The fact that Peter Kassig had become a Muslim meant nothing to those terrorists, who regularly kill their co-religionists. To IS, Kassig was first, foremost and probably solely the symbol of a loathed civilization, ripe for elimination as a demonstration of radical Muslim power.
As was American-Israeli Steven Sotloff, IS’s second victim. On August 27, his mother, Shirley Sotloff, directed an emotional address to IS’s leader and self-proclaimed caliph Abu Bakr al-Baghdadi: “As a mother, I ask your justice to be merciful and not punish my son for matters he has no control over....” She said Steven “traveled to the Middle East to cover the suffering of Muslims at the hand of tyrants,” describing him as “a loyal and generous son, brother and grandson, an honorable man who has always tried to help the weak.” She ended her appeal by referring to Islam’s injunction to protect “The People of the Book” (Jews and Christians).
I couldn’t help visualizing the Spirit of Hope – that “beautiful dragonfly” remaining in Pandora’s Box – crushed to a pulp by the irony in these heart-rending, understandable pleas by two mothers doing whatever they could to get their kidnapped sons released.
Like the other three Western hostages beheaded by the terrorist group, their sons identified with Muslims and went to Syria to either document Muslim suffering or carry on welfare work in that perilous terrain.
Shirley Sotloff appealed to her son’s captors on the basis of mercy, honor, “Muslim suffering at the hands of tyrants,” and the human imperative to help the weak.

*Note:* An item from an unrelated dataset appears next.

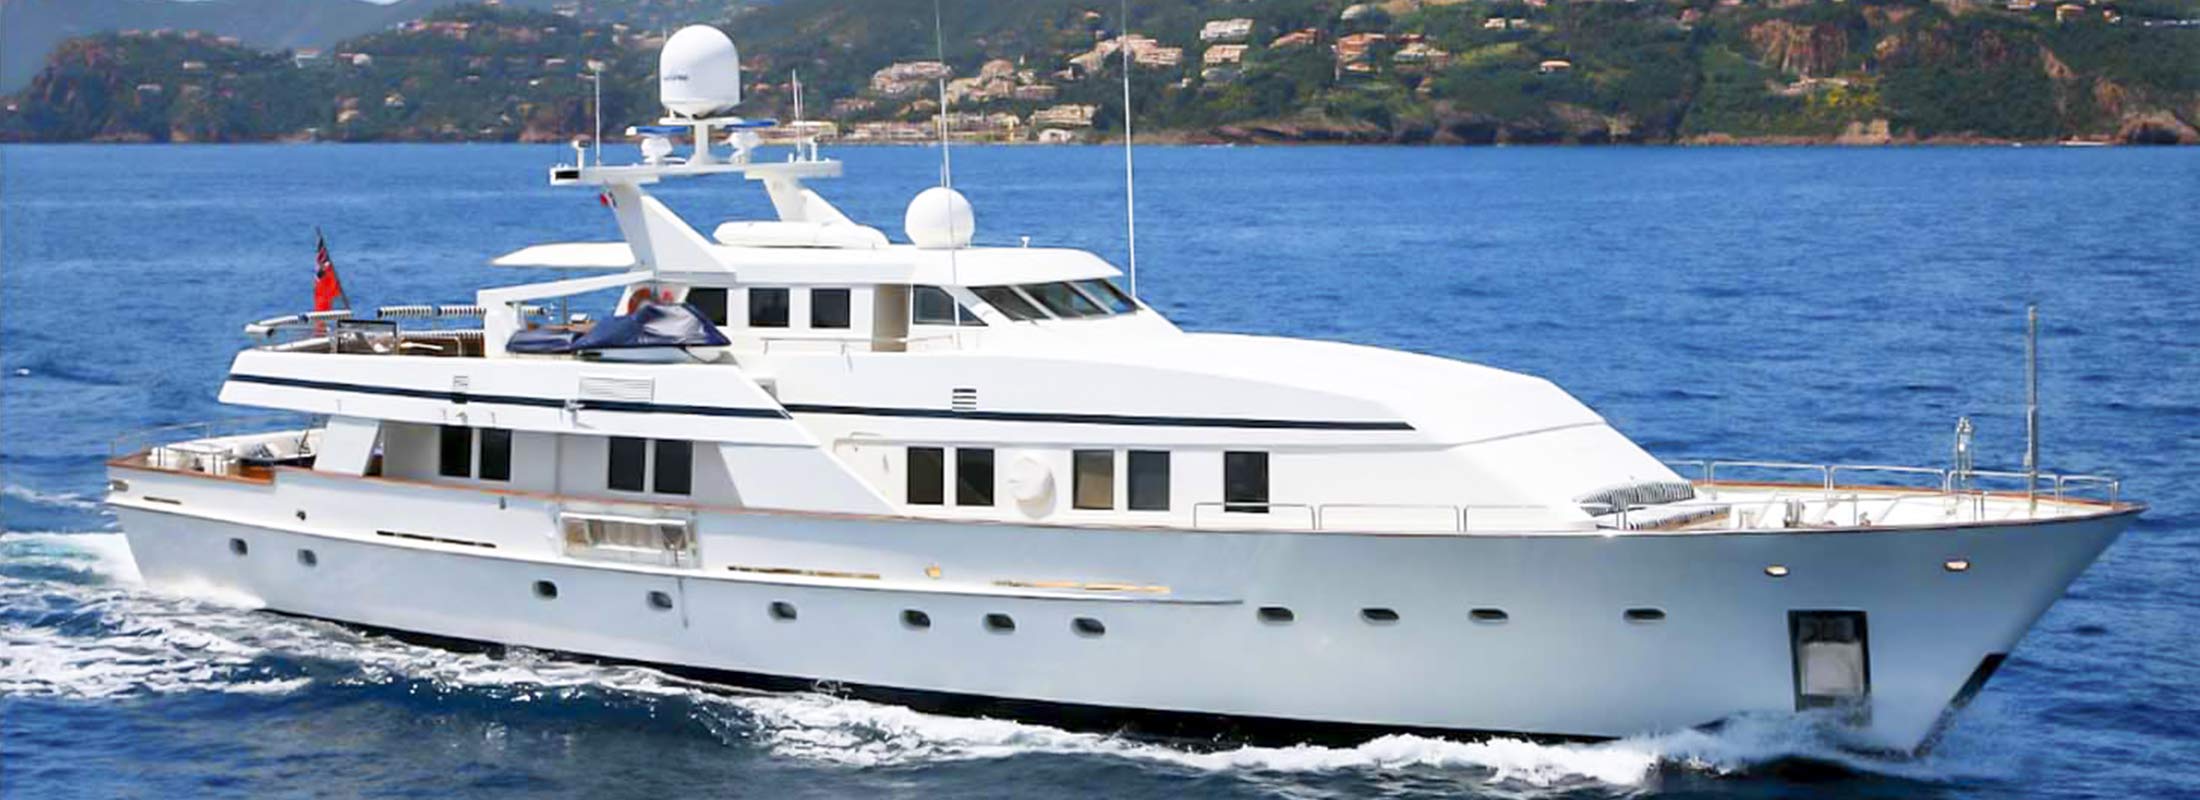 Fiorente Motor Yacht for Charter Mediterranean slider 1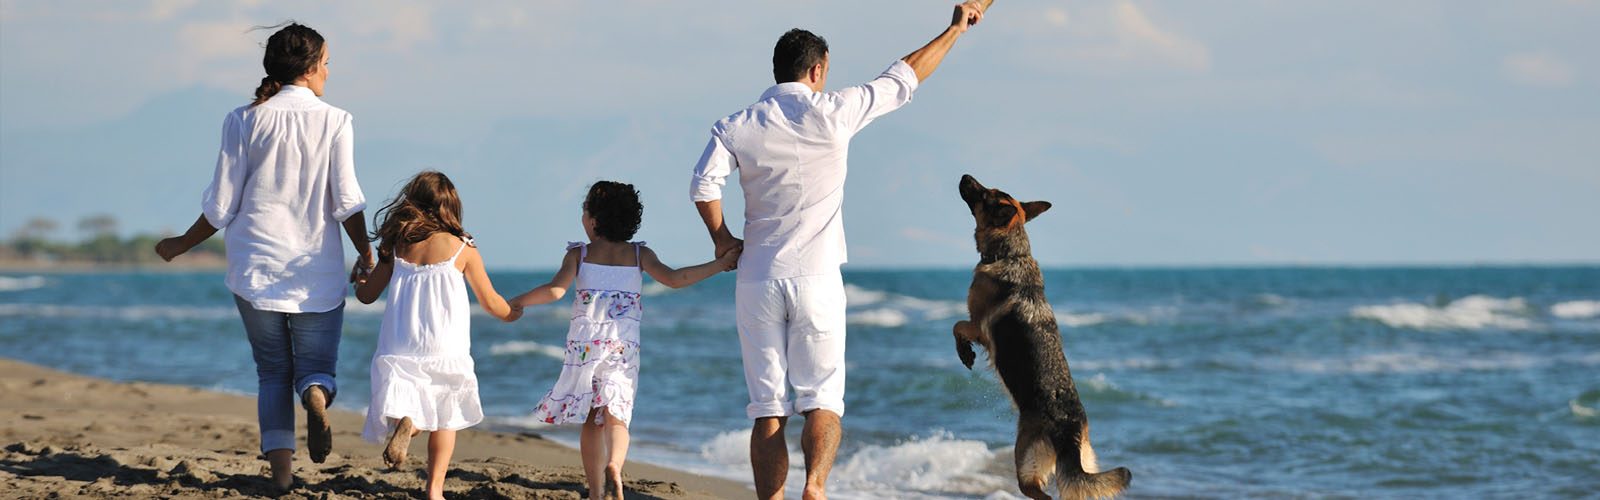 Family on a beach walking their dog.

She was pleading with ruthless and immoral tyrants whose raison d’etre is to abuse and kill those weaker than themselves.
Poor, doomed hope.
IT WAS with a chill of recognition that I read these sentences in The Story of the Malakand Field Force, Winston Churchill’s first published work of non-fiction.
It details an 1897 military campaign on the Northwest Frontier, now part of Pakistan. Churchill participated in the campaign as a second lieutenant in the cavalry.
“Civilization is confronted with militant Mahommedanism,” Churchill wrote. “The forces of progress clash with those of reaction. The religion of blood and war is face to face with that of peace.”
Those who still believe that an accommodation can be found with today’s “forces of reaction” are laboring under a dangerous illusion and a false hope.